WASHINGTON – U.S. Senator Benjamin L. Cardin (D-MD), member of the Senate Foreign Relations Committee and Chair of the Subcommittee on State Department and U.S. Agency for International Development (USAID) Management, International Operations, and Bilateral International Development, is requesting feedback from global health implementers, local partners, experts, and others on actions Congress should take to improve the way the U.S. strengthens the overall performance of health systems globally through local partnerships.
“Supporting local organizations and governments in low and middle-income countries to strengthen their health systems is a cornerstone of American efforts to combat HIV/AIDS, prepare for future pandemics and integrate disease response and prevention programs into sustainable and locally owned health systems,” wrote Senator Cardin. “Localized HSS saves lives, promotes country ownership, and sustains America’s historic achievements in global health—at no additional cost to specific disease programs.”
Since 2020, Congress has directed the USAID to apportion 10% of its global health funds towards health systems strengthening (HSS). Together with investments in combatting specific diseases such as HIV/AIDS and COVID-19, these expenditures have contributed to overall health system improvements, such as higher local budgets for health in selected countries, and greater utilization of health facilities and health insurance. To capitalize on these investments, Congress should consider articulating an overall vision, authorities, and set of targets for HSS, including how much of our HSS investment should be carried out by local partners and what that investment should achieve.
Read the full letter here or below:
To Whom It May Concern:
Supporting local organizations and governments in low and middle-income countries to strengthen their health systems is a cornerstone of American efforts to combat HIV/AIDS, prepare for future pandemics, and integrate disease response and prevention programs into sustainable and locally owned health systems. Ongoing efforts to improve the efficiency and effectiveness of healthcare delivery in partner countries can lead to cost-savings over time that safeguard U.S. taxpayer dollars.
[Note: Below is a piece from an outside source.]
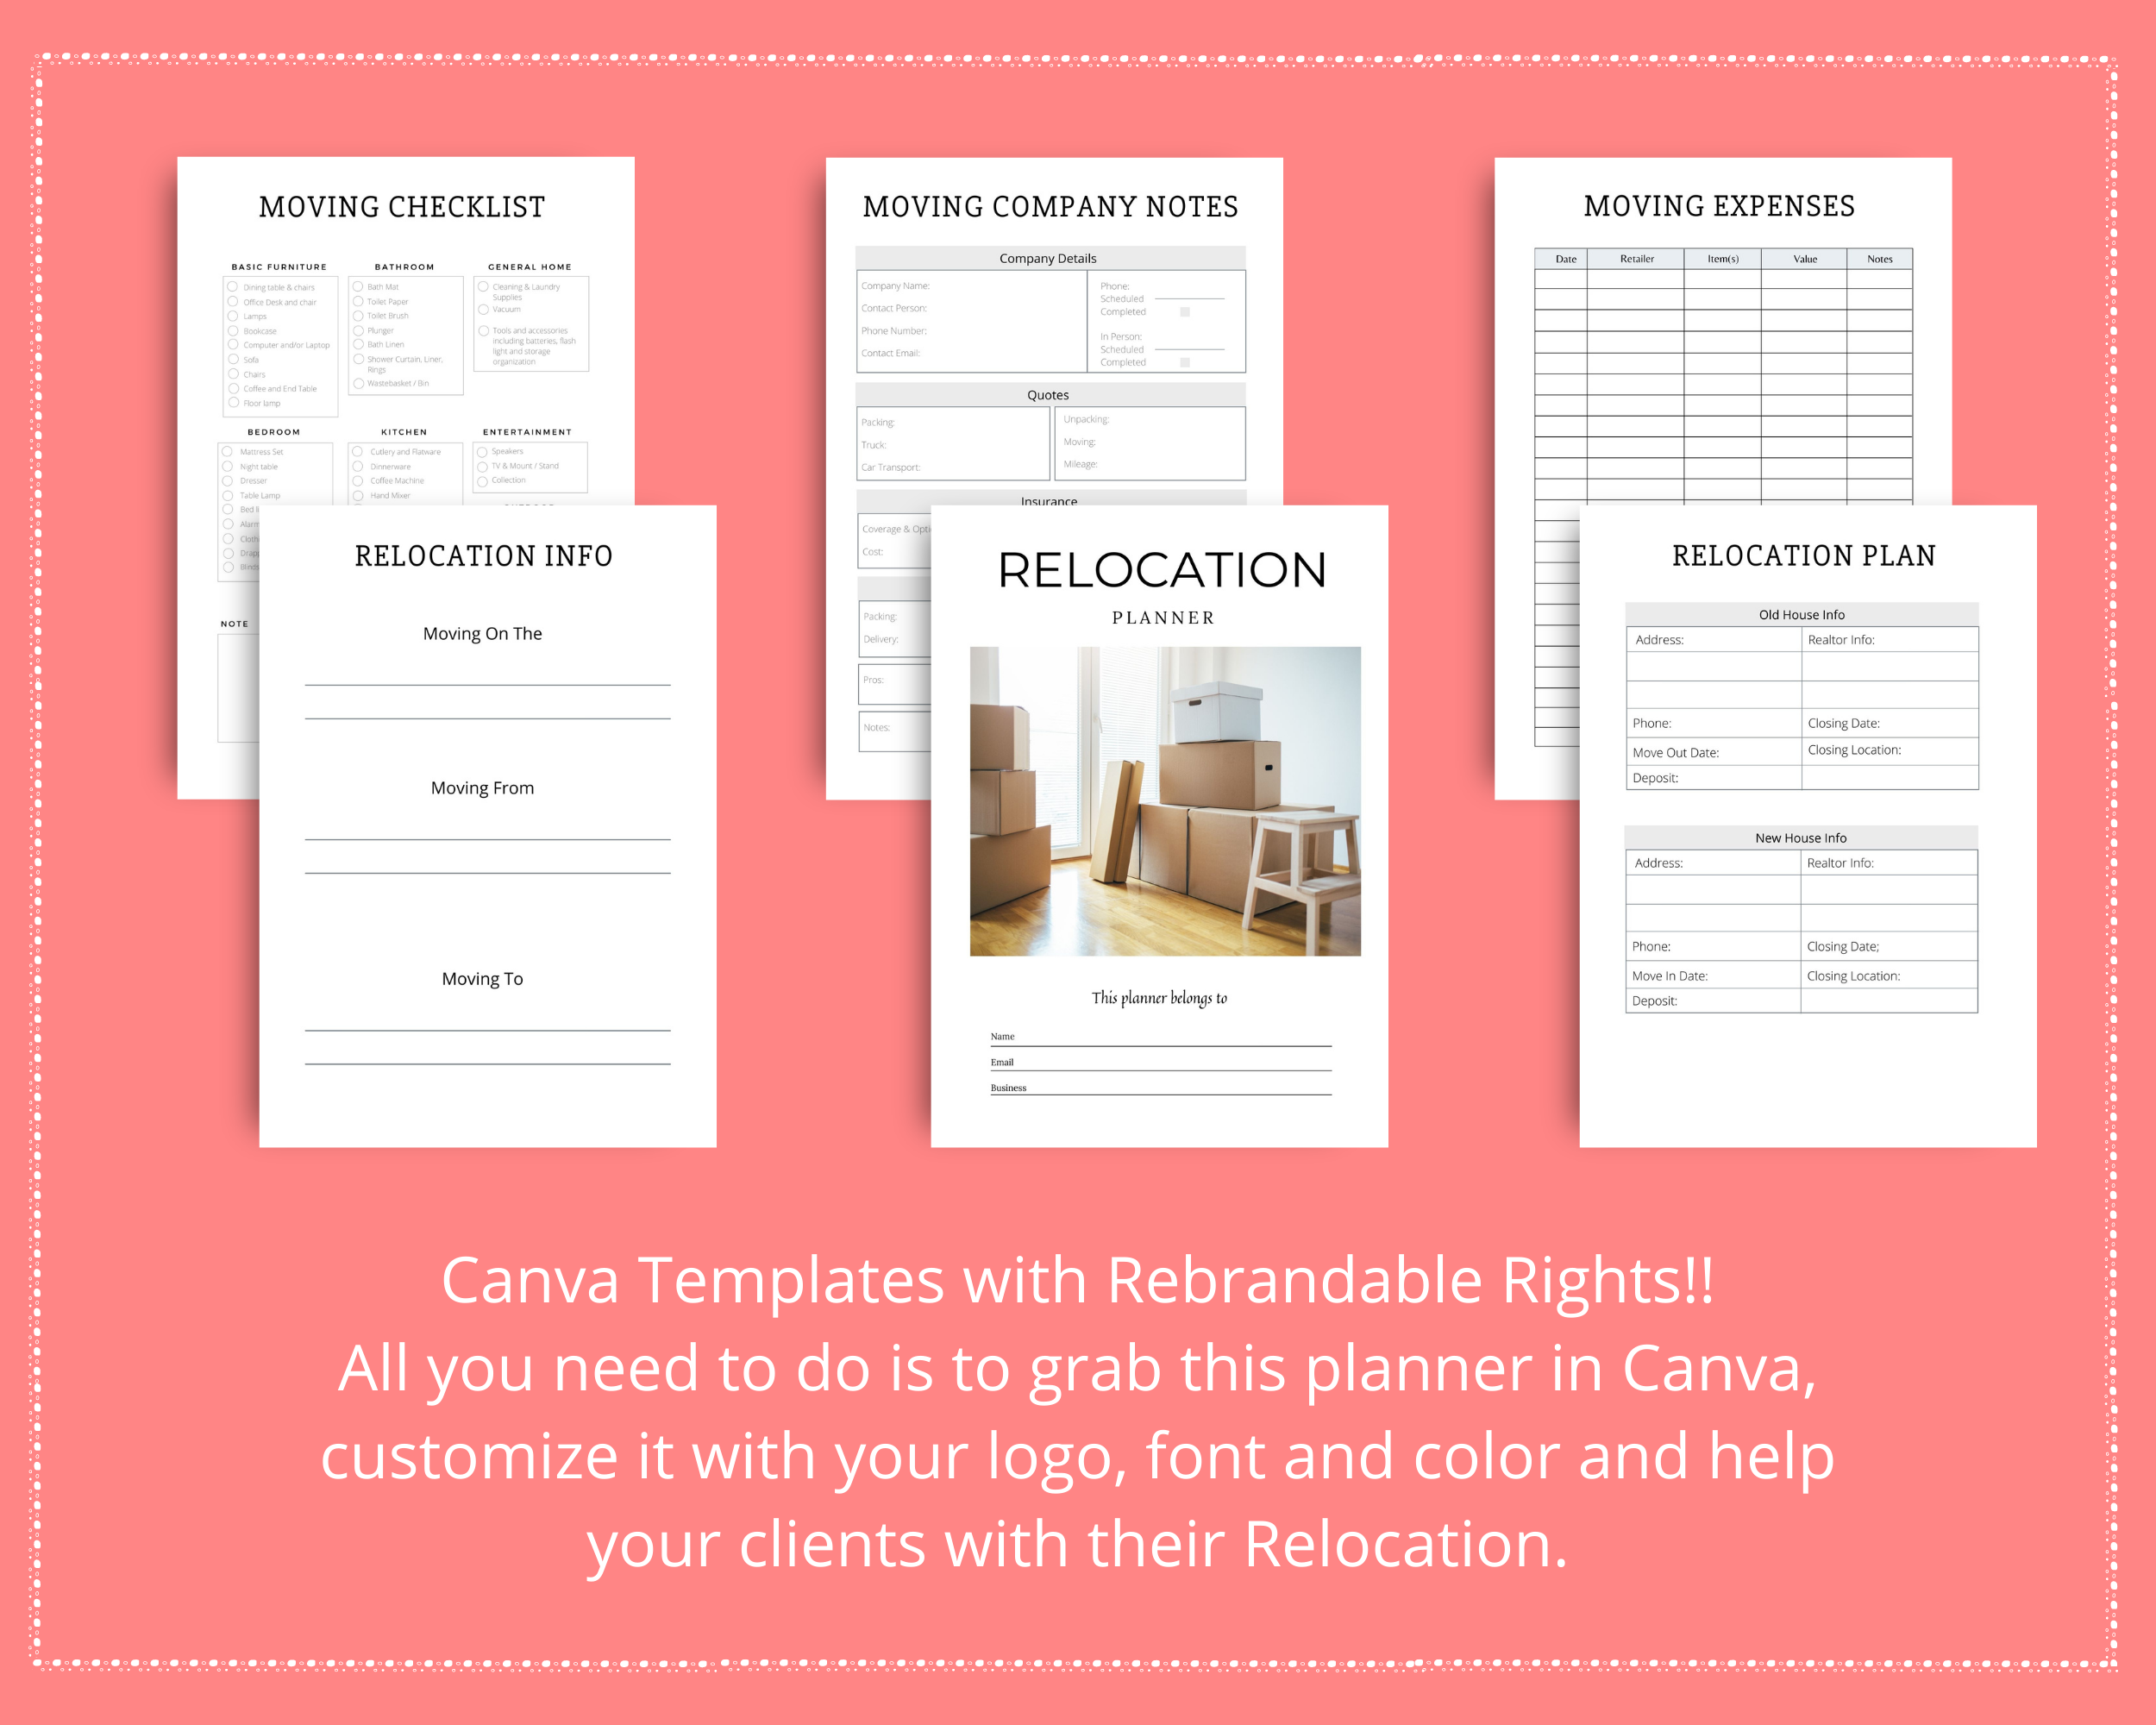 Editable Relocation Planner in Canva | Commercial Use

Over the years, the international global health and development agenda has gradually made targeted investments in health systems strengthening (HSS) and expanded the focus on localization of foreign aid. These efforts have further grown in importance as COVID-19 both overwhelmed and severely disrupted the provision of essential services by national and local health systems. In many countries, the pandemic slowed, and in some cases reversed, gains made in reducing illnesses and deaths related to malaria, tuberculosis, and other health challenges.
In December 2020, the U.S. House of Representatives issued an explanatory report accompanying the FY2021 State, Foreign Operations appropriations directing the U.S. Agency for International Development (USAID) to apportion 10% of its global health funds towards HSS. Despite the directive to spend 10% of all global health programs on HSS, and despite commitments by USAID and PEPFAR (through the State Department) to spend 25% and 75% of their resources respectively on local organizations, HSS remains what the USAID Office of the Inspector General described in a 2019 report as a “second-order priority” in U.S. global health programs, relative to specific disease goals.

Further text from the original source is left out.